Earlier this month, Riverside, Calif. police arrested a 10-year-old boy for the murder of his father, neo-Nazi leader and water board candidate Jeff Hall. At the time, police didn't attribute the motive. Now, a court declaration reveals details about the case — including why, and how, the boy killed his father. It doesn't make the story any less tragic, in case that's what you're thinking.
Apparently the fourth-grader — who, like his nine-year-old sister, knew where all of his parents' guns were kept — took a Rossi .357 revolver from a closet early one morning:
[Redacted] told Detective [Roberta] Hopewell that he went downstairs with the gun, pulled the hammer back, aimed the gun at his dad's ear while he was asleep and shot him. [Redacted] said he went upstairs and hid the gun under his bed.
As for why:
[Redacted]... admitted during the interview that he was tired of his dad hitting him and his [step-]mom. [He] said he thought his dad was cheating on his [step=]mom and thought he might have to choose which person he would live with.
The scene on the detective's arrival didn't paint a picture of domestic bliss, either.
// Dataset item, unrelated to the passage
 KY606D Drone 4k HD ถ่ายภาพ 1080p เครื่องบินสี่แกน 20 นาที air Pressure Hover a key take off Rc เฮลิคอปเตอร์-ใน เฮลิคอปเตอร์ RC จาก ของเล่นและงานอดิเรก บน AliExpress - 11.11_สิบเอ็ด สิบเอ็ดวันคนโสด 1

The Hall house was reportedly "filthy." "The bedrooms smelled like urine," the report explains, and the bedding — including the mattresses — was "stained and soiled." The decoration downstairs: A National Socialist Movement flag and a California Republic flag.
And the guns. The court document is part of a case against the boy's stepmother, Krista McCary, for child endangerment and failure to properly store a firearm; the detective account confirms that not only did Hall and McCary keep several weapons, but that "three out of the four children" knew the (easily-accessible) location of the .357 revolver.
Given the apparent physical abuse, where was Child Protective Services? According to the report, the agency had "numerous contacts" with the Hall-McCary household but "most of the allegations were unfounded" — reported as part of a "bitter child custody dispute" between Hall and his ex-wife. Clearly, CPS will be playing a role going forward. The boy, for his part, will go a court-ordered mental-health evaluation soon.